For one night of the year, Durango’s talented chefs come together to prepare a once-in-a-lifetime kind of meal.

Or it would be, if it weren’t once in a year here. I have gone to almost all of the Collaborative Chef’s Showcase Dinners; this was the sixth year – and I think this might have been the best year yet. Every single course was delicious and memorable.

Before I get into the yumminess of it all, I have to get into the joyfulness. Everything, 100 percent of the food, the services – even all 21 wait people from seven restaurants who donated their time and hustle – was donated to benefit the Sexual Assault Services Organization.

Mandy Miller Winn of Celebrations spent two days decorating the Henry Strater Theatre with kitchen gadgets, memorabilia and appliances, giving the whole theater a kitchen feel.

Fort Lewis College music students Dawn Turner, Dustin Sargent and Jackson Salamunovich, newly dubbed The Rhapsodies, performed Celtic-style music throughout the evening. While there was a lot of talking going on while they played, at least some of that talk was about how good they were.

On the big screen onstage, guests saw photos from previous years, information about SASO and an ongoing look at all those chefs bustling around in the kitchen plating the courses. (Plus it was a preview of what was coming out.

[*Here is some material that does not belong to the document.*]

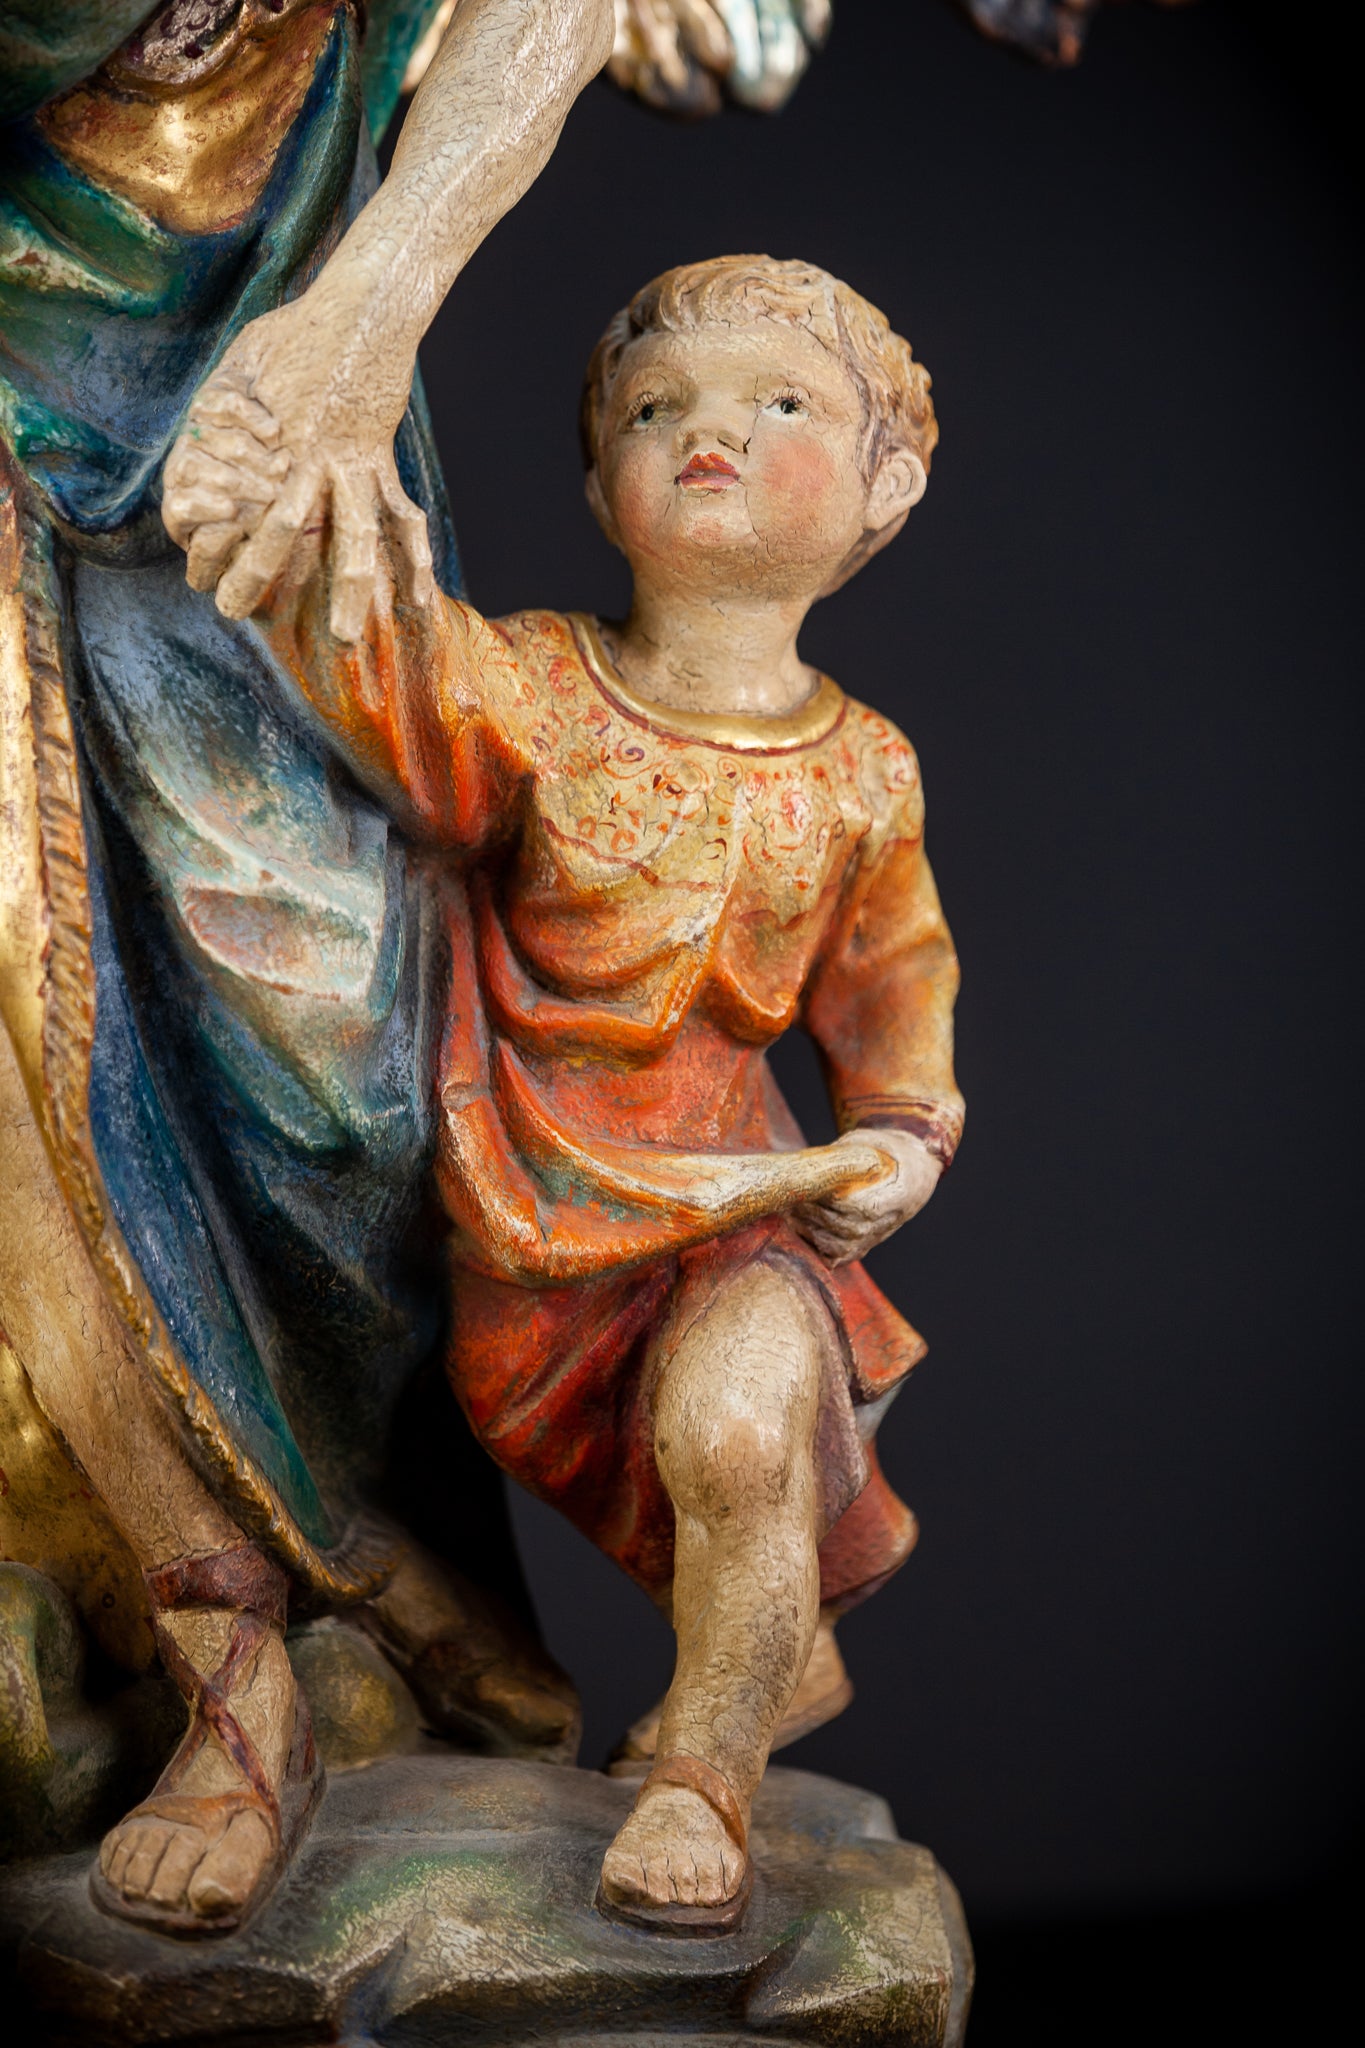 St Raphael The Archangel with Tobias Wood Carving | Antique early 1900s | 23.6” / 60 cm
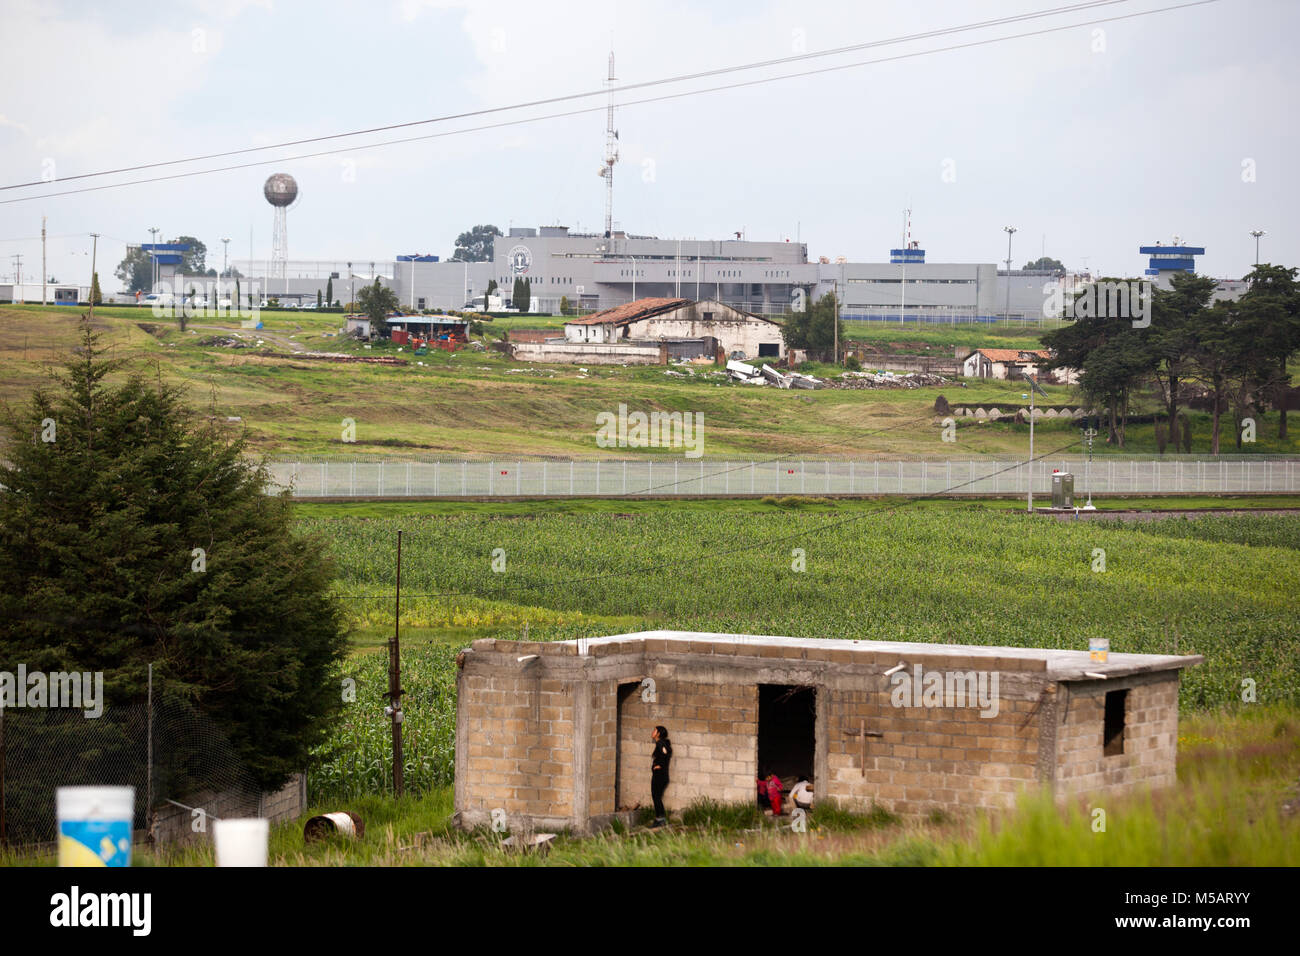 The Altiplano prison from which Joaquin "El Chapo" Guzman escaped near Toluca, Mexico on Wednesday, July 15, 2015. The notorious cartel leader Joaquin "El Chapo" Guzman escaped from the maximum security prison four days ago through a tunnel. This is the second time he has escaped a Mexican prison. Stock Photo

Love that sense of anticipation.) Leah A. Deane, wine specialist for Republic National Distributing Co., and Grand Vin, organized some magical wine pairings to top off an extraordinarily fine meal.

The evening started with passed hors d’oeuvres.

Chef Arnold “Safari” Ngumbao of Strater Catering presented curried vegetable samosas with sun-dried apricot marmalade – you should bottle that marmalade – paired with a Tiamo Organic Prosecco DOC from Valdobbiadene, Italy. Ken’s & Sue’s chef Beau Black created a crispy risotto stuffed with pesto meatballs topped with a balsamic-braised grape tomato and served with a Jaume Serra Cristalino Rosado Cava from Spain. Showcase co-founder Dave Cuntz, who’s now the chef at Carver Brewing Co., presented a pancetta-wrapped fingerling potato with Manchego cheese topped with chipotle aioli and paired with Carver’s Ancho Red Ale (perhaps the most delightful bite of the night).

I got the scoop from chef Charley Curtis of El Moro Spirits & Tavern on the creation of his two hors d’oeuvres. The holiday turkey sausage, made with organic ground turkey, sage stuffing, sweet potatoes and cranberries, topped with roasted pumpkin butter and a wild sage flower, was inspired by a martini and conversation at the American Beer Festival a year ago. (Hey, man does not live by beer alone!)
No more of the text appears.